Crosby talks the talk

STEVE SIMMONS -- Sun Media

, Last Updated: 8:22 AM ET

DETROIT -- Playing the part of Hockeytown crier, Ryan Whitney walked through the Pittsburgh Penguins dressing room yesterday morning and announced for everyone to hear: "Sidney Crosby will be on the podium in two minutes."

He said it again and again, just in case anyone hadn't heard.

Whitney said it as an inside and outside joke, a part of Stanley Cup dressing room levity.

Only it's not that funny. Welcome to Crosby's hockey life in the brave new expanded media world of the National Hockey League.

Playing is what he does on the ice. Talking is what he does off of it. Talking on the morning of games. Talking after games. Talking on the off-days. Talking between periods. It's all Sid, all the time.

No one in the sports world -- not Tiger Woods, not Kobe Bryant, not Peyton Manning -- does as many news conference interviews per capita, is as readily available, and never takes a day off or a night off complaining of a headache.

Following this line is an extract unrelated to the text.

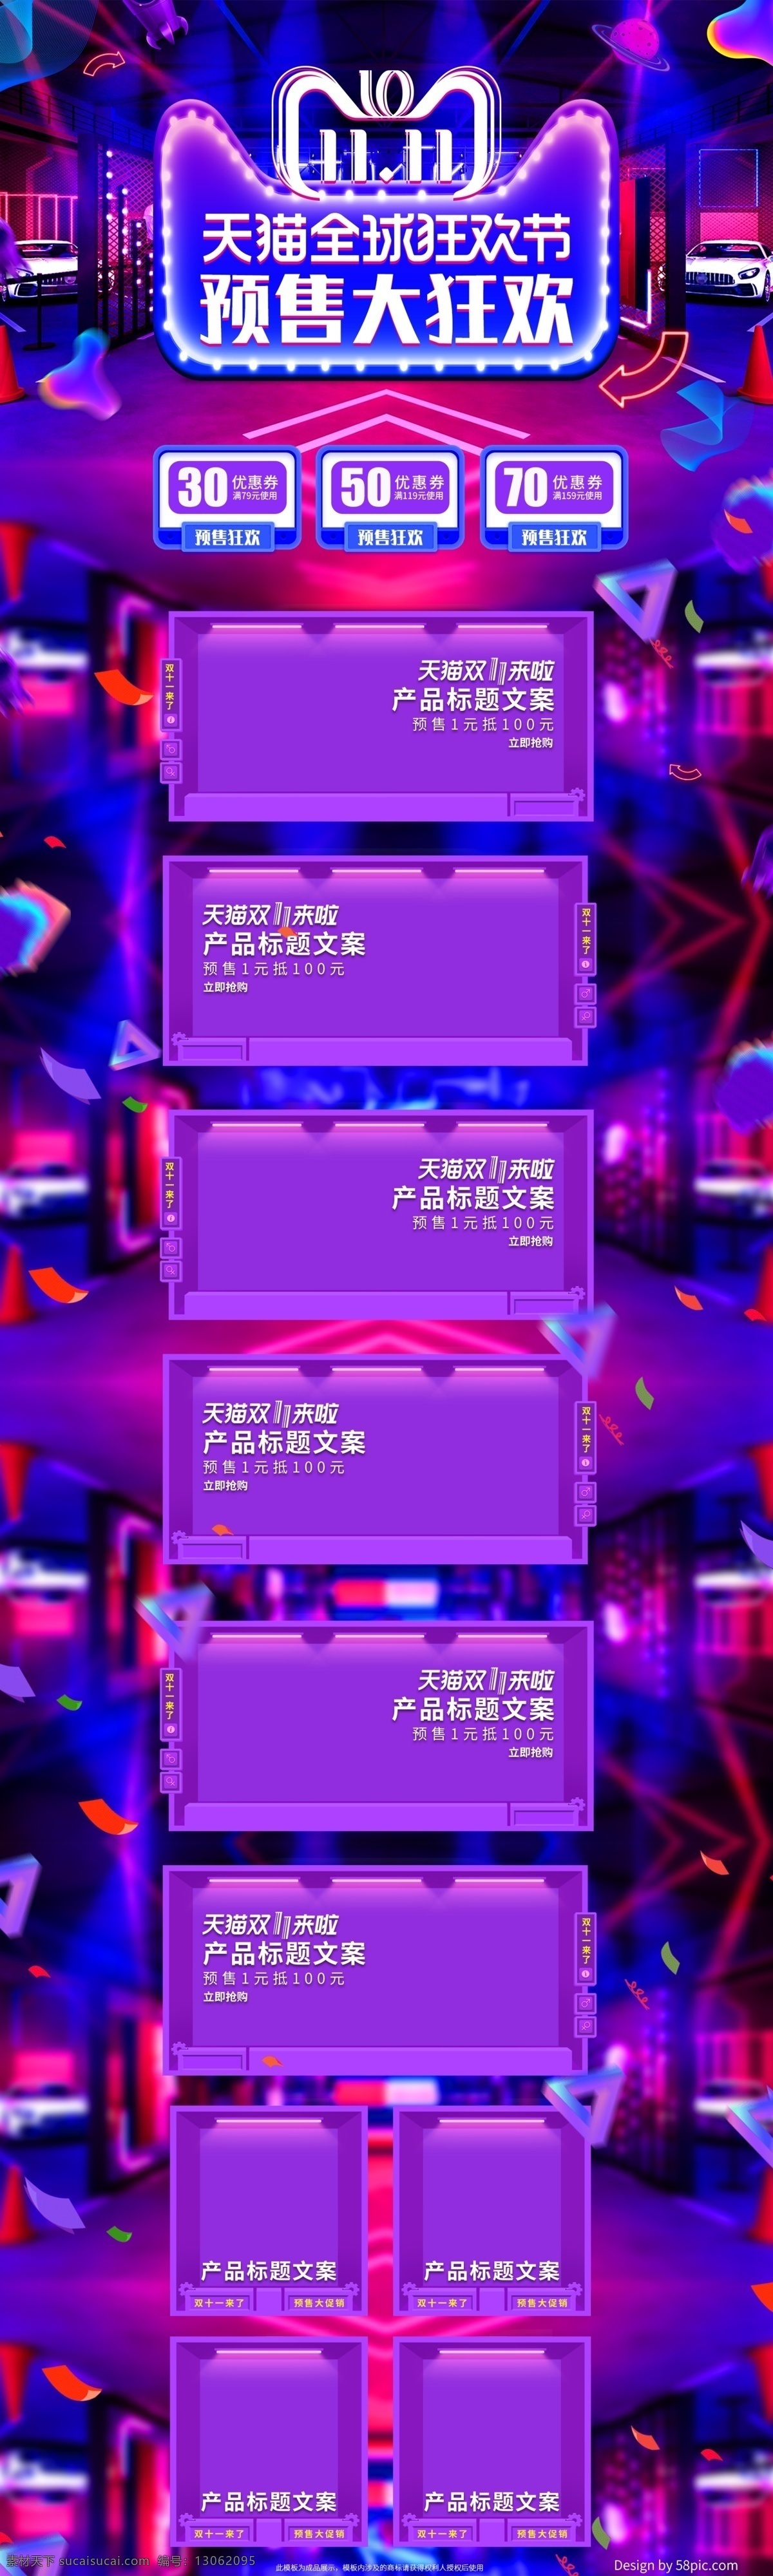 紫色 欧普 炫 酷 双十 预售 潮流时尚 电商 首页 促销 双十一 双11 炫酷 欧普风 狂欢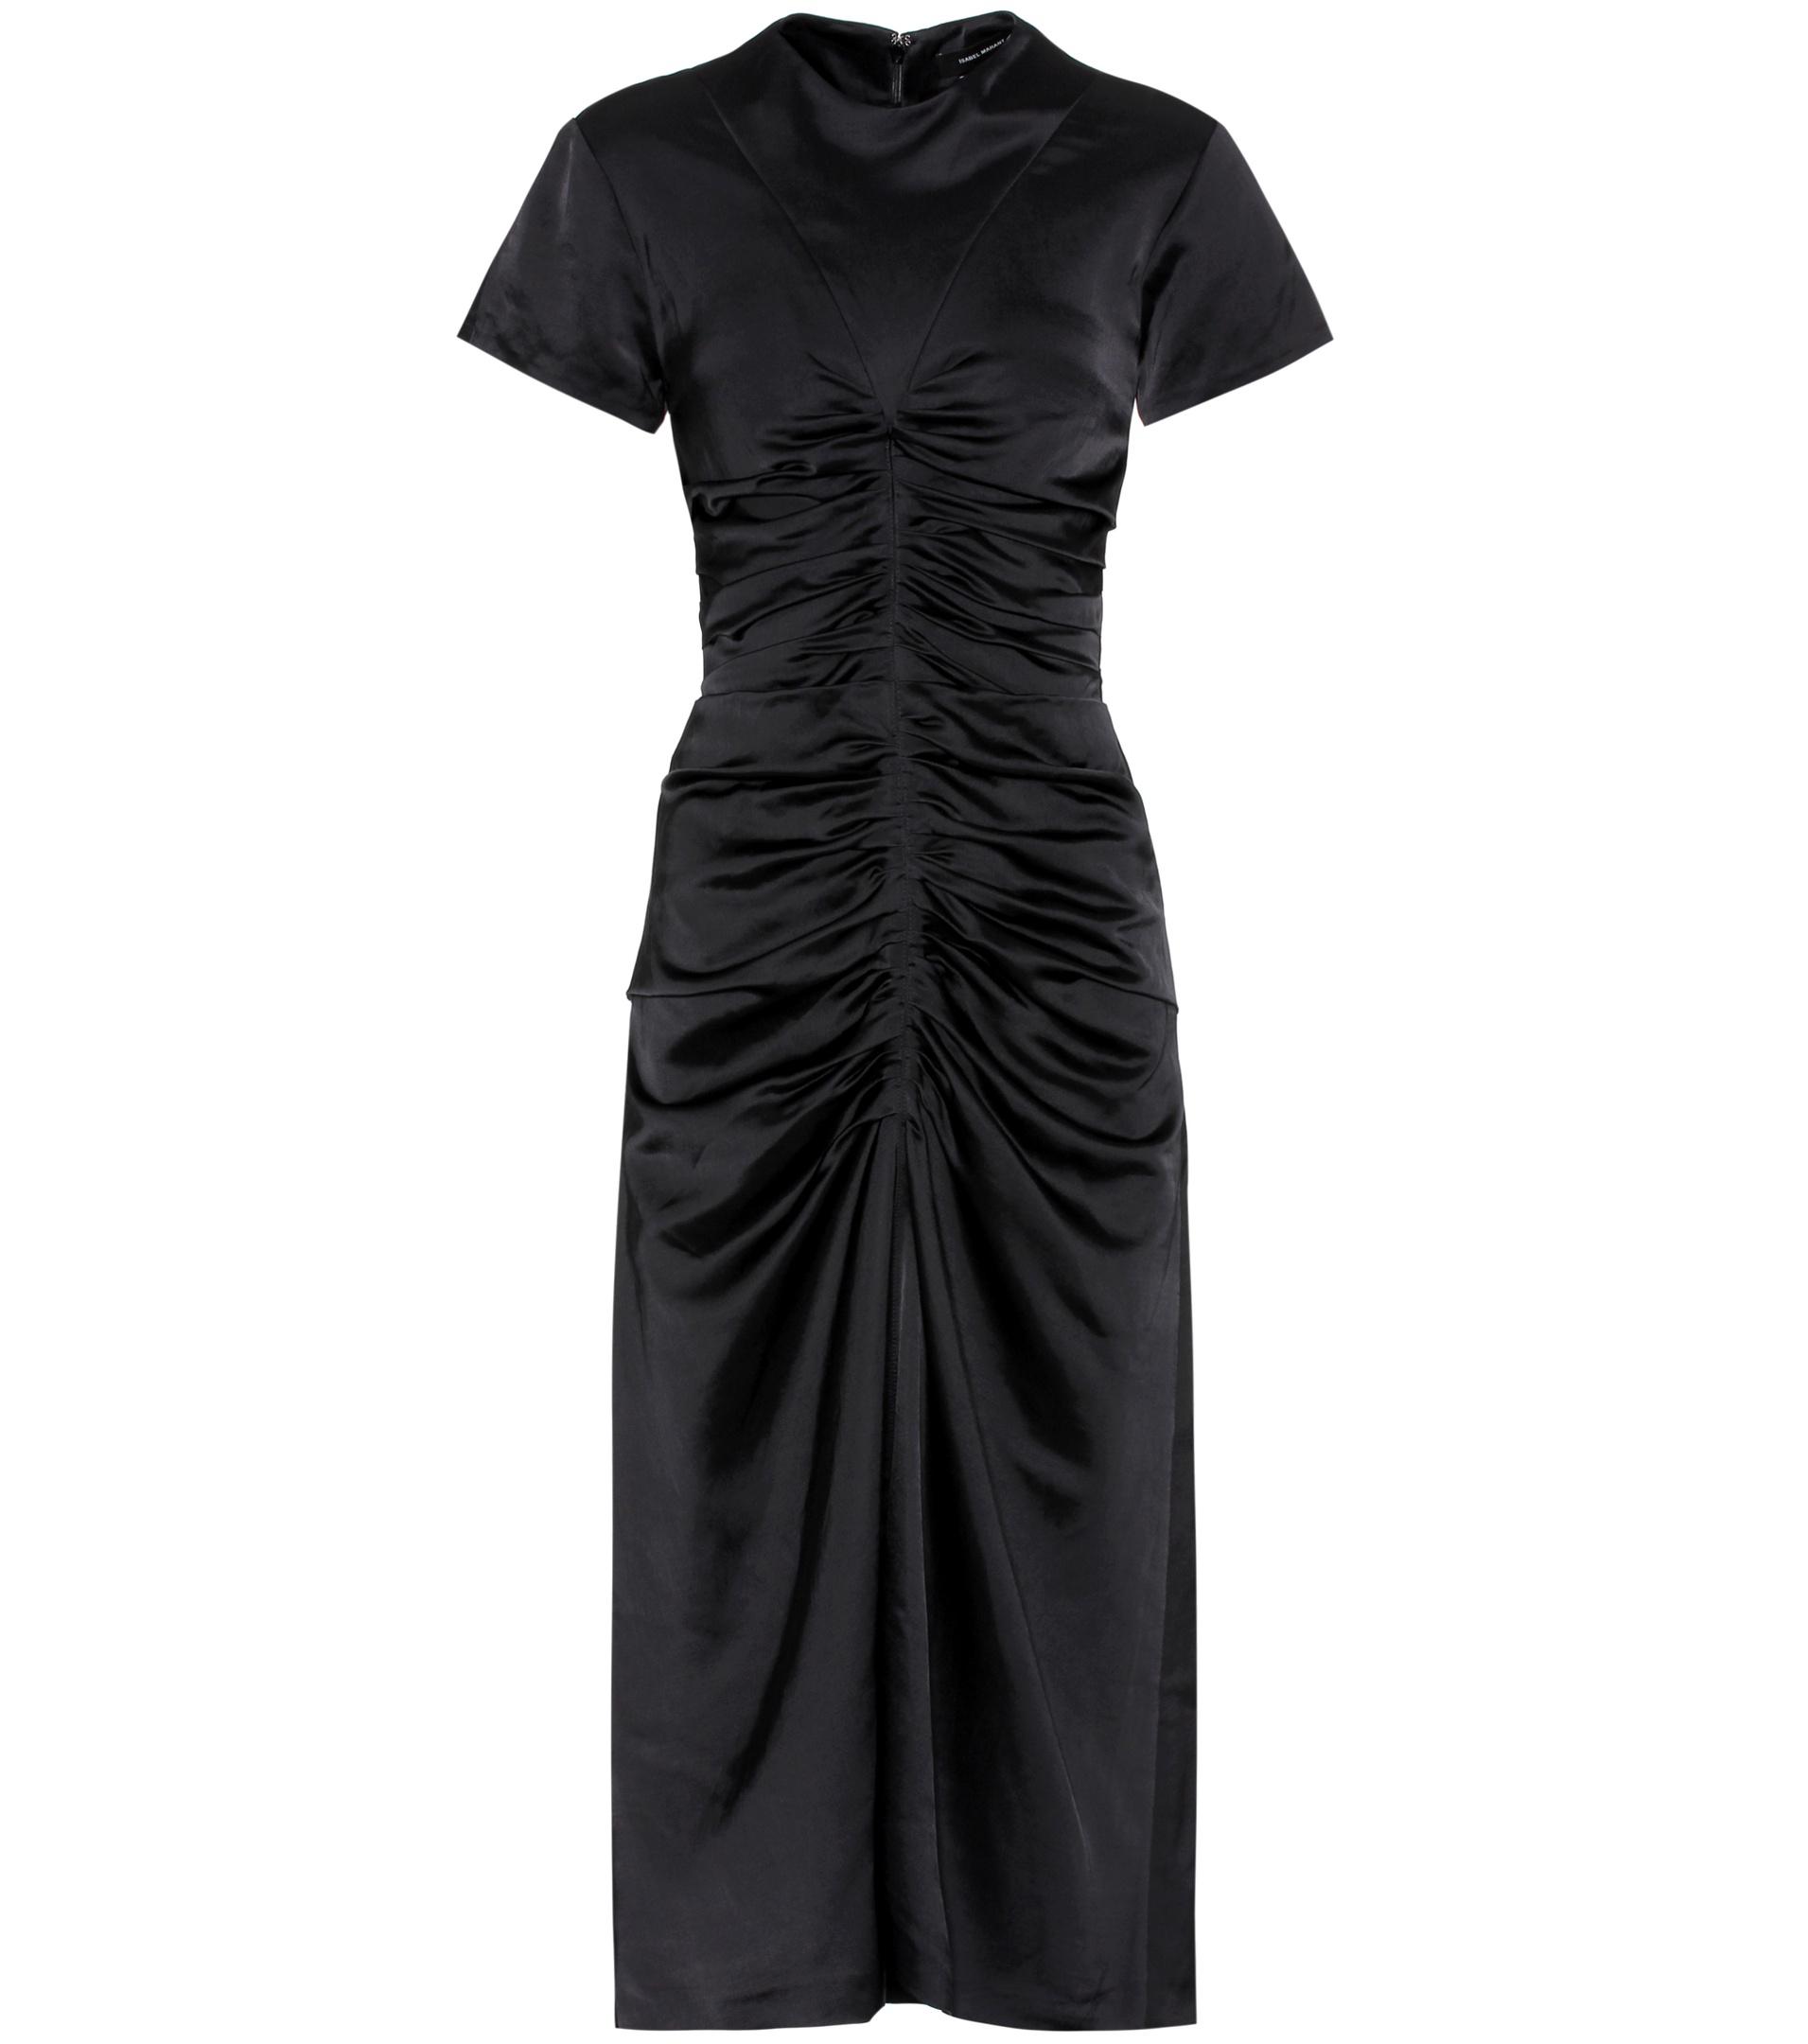 Isabel Marant Else Satin Dress in Black - Lyst

Crosby, for the record, leads the Stanley Cup playoffs in two categories -- assists and trips to the podium.

One of those categories is close. The other basically is no contest.

Henrik Zetterberg leads the playoffs in scoring and is a definite Conn Smythe Trophy candidate. But he does only the occasional press conference. Nicklas Lidstrom, who is just beginning to be recognized for his unparalleled career, makes the odd podium appearance, if need be. Evgeni Malkin, whose English is challenged, would prefer never to have to sit behind a microphone.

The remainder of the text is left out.